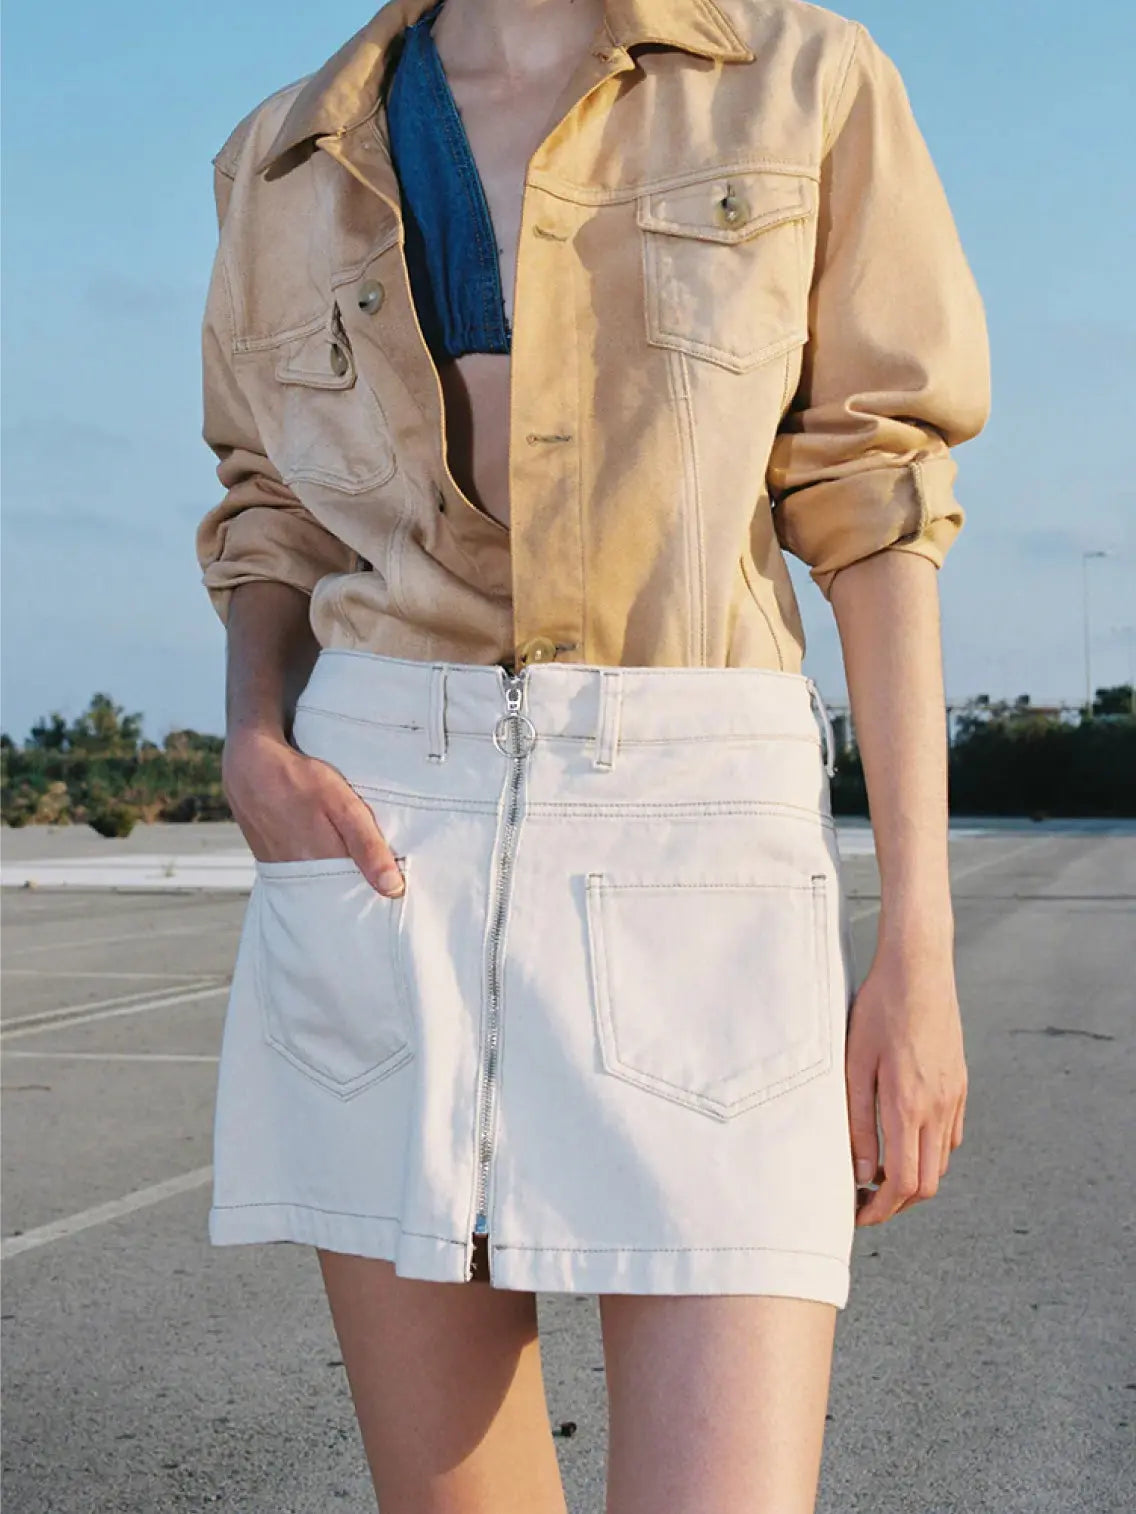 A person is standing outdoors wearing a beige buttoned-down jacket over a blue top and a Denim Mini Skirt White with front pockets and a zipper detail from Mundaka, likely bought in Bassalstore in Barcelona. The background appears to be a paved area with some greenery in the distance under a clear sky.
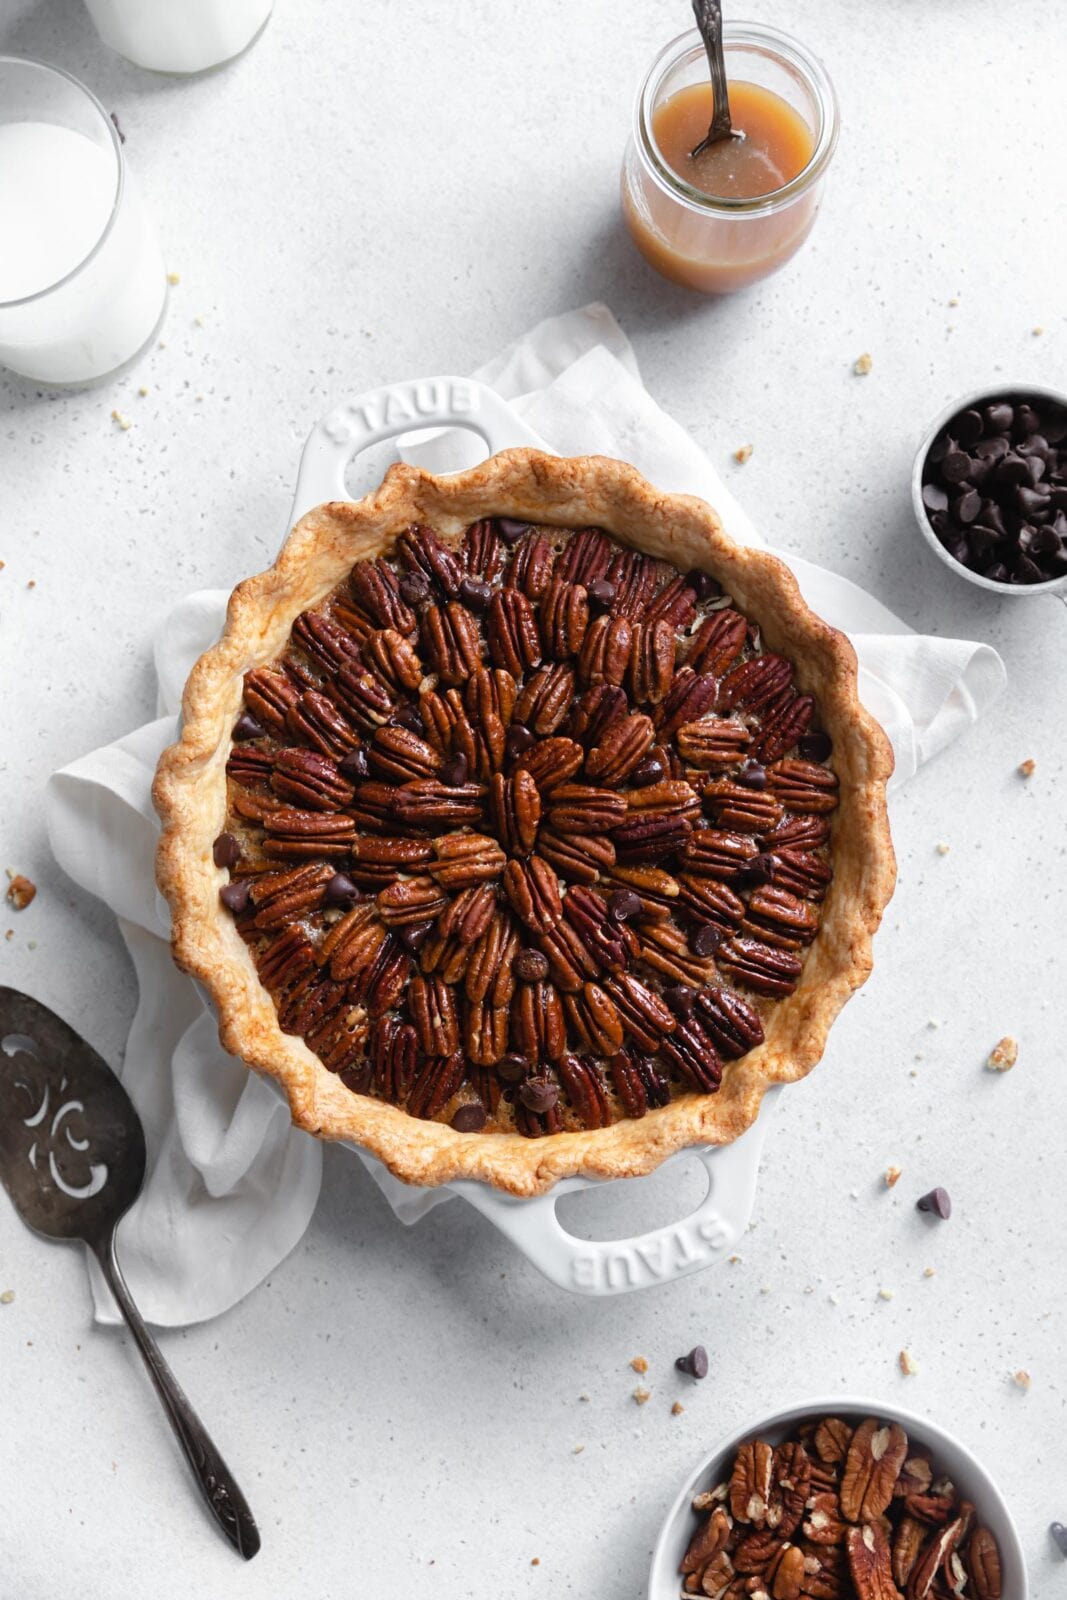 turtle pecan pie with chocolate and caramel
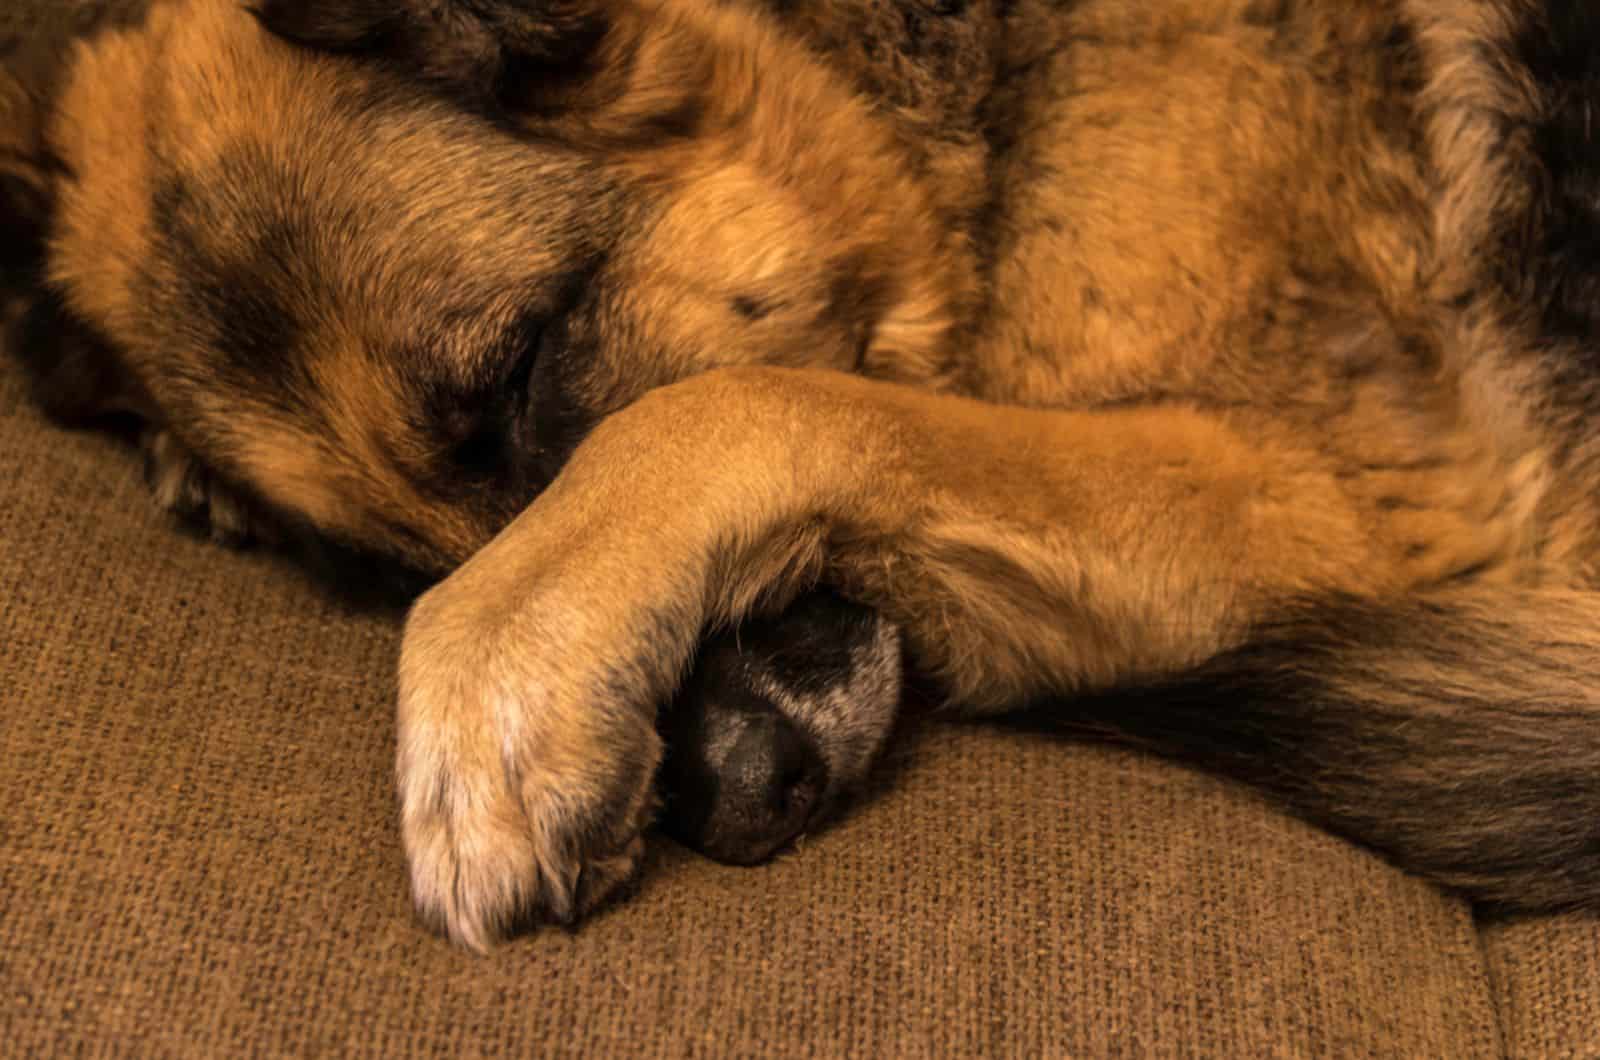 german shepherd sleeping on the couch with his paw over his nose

★ ★ ★ ★ ★ ★ ★

Repeat the listing verbatim without its pictures.

 A person is standing outdoors wearing a beige buttoned-down jacket over a blue top and a Denim Mini Skirt White with front pockets and a zipper detail from Mundaka, likely bought in Bassalstore in Barcelona. The background appears to be a paved area with some greenery in the distance under a clear sky.
 turtle pecan pie with chocolate and caramel
 german shepherd sleeping on the couch with his paw over his nose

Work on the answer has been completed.